One of the conductors would later describe the job as “...down one day and up the next, and rest the third, and brake by hand the whole way as...(the) cars were not fitted with the air brake” The Westinghouse air brake was invented shortly after the Civil War, but the Eastern did not trust it anymore than they trusted the 30 year old telegraph. The management avoided these “unnecessary” expenses, and despite its reputation for shoddiness in service and equipment, the Eastern was always able pay annual dividends to its stockholders of between 6 and 8%. It was a business model that seemed to work, at least until July of 1855 when President and Treasurer, Mr. William Tuckerman, was forced to admit that he had lost $281,000 (equivalent to $64 million today) while gambling to make corporate ends meet. (Sound familar?).
The hard nosed Mr. John Howe replaced Tukerman as President, and new blood was brought onto the board as well - including George Browne. Sixty-five of the firm's 354 employees were laid off, and the remaining workers scrambled to keep 26 trains running every day. For the time being, dividends were forgotten. In 1858 Mr. Howe stepped down and George Browne became President, at a salary of $5,000 a year (equivalent to over a $1 million today) .

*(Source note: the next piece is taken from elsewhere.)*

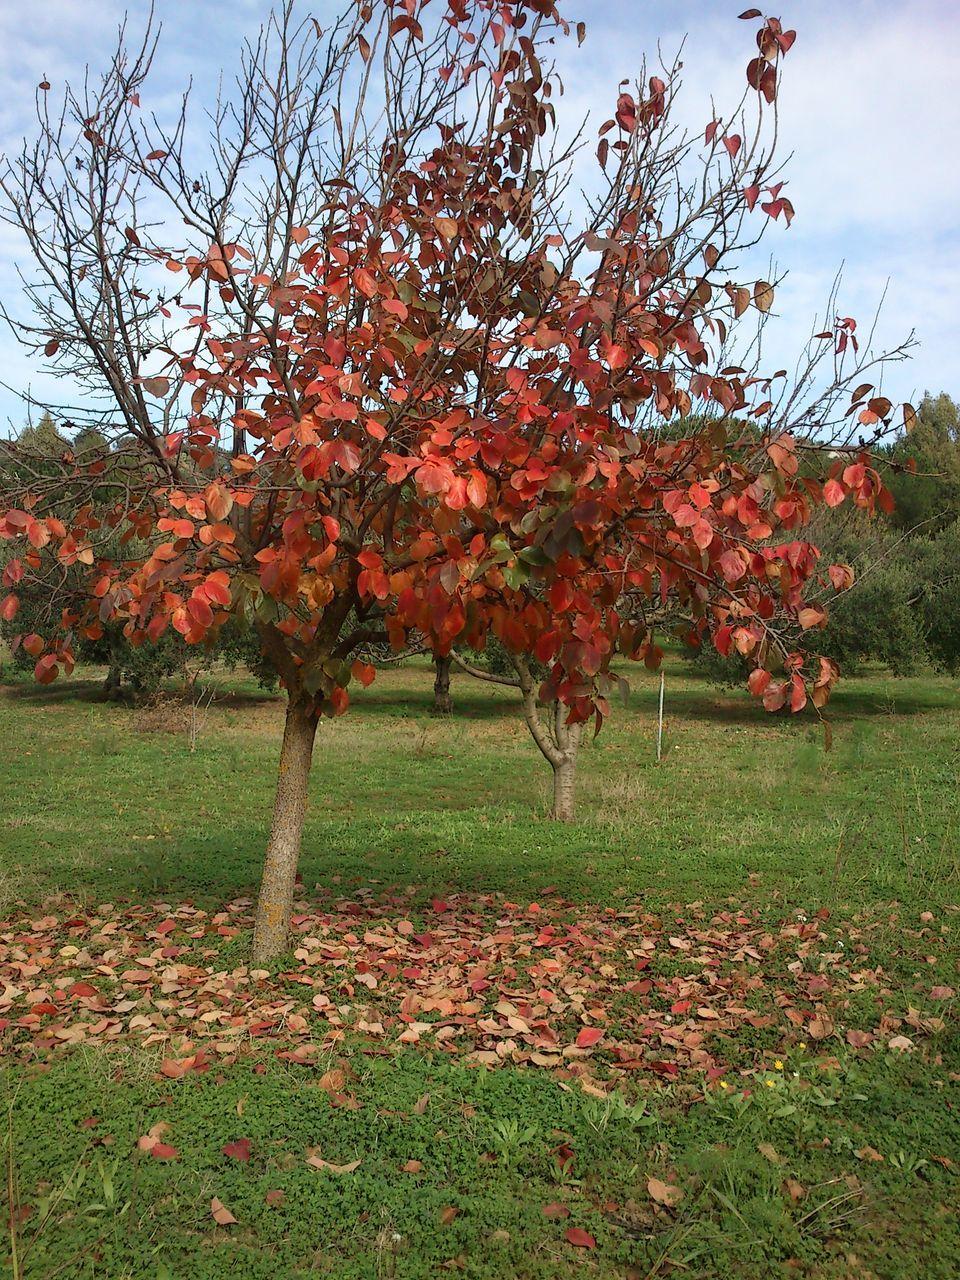 Autumn Tree On Grassy Field Against Sky

After eight years of rigorous penny pinching President Browne had returned the yearly corporate dividends to 8%. According to an official company history, the Eastern's 29 locomotives, 48 yellow passenger cars (fewer than they had owned in 1858) and 13 baggage cars, were not considered “worn out until (they) had been rebuilt from one to three times” despite assurances in the annual reports that the equipment was “...equal of any first class railroad in New England”
George Browne, who signed those annual reports, even managed to pick up a cheap Confederate locomotive which had been captured by Union troops. The Eastern's maintenance chief complained this bargain was so prone to breakdowns, he refereed to it as “The Rebel”.  Even after the war the 28 trains scheduled to run on the Eastern line daily still did not have “air brakes”, nor did the company use the telegraph to communicate between stations. But the 55 tired locomotives, 98 worn out passenger cars and 27 baggage cars owned by the Eastern Railroad were simply not enough to keep the system running smoothly. Delays and breakdowns were daily events,. and passenger complaints fell on deaf ears because the company was listening to the stockholders, not the customers. The Eastern was the only line servicing the fishing villages along the coast, turning them into suburbs of Boston but also making them captive customers. The stock rose to $125 a share.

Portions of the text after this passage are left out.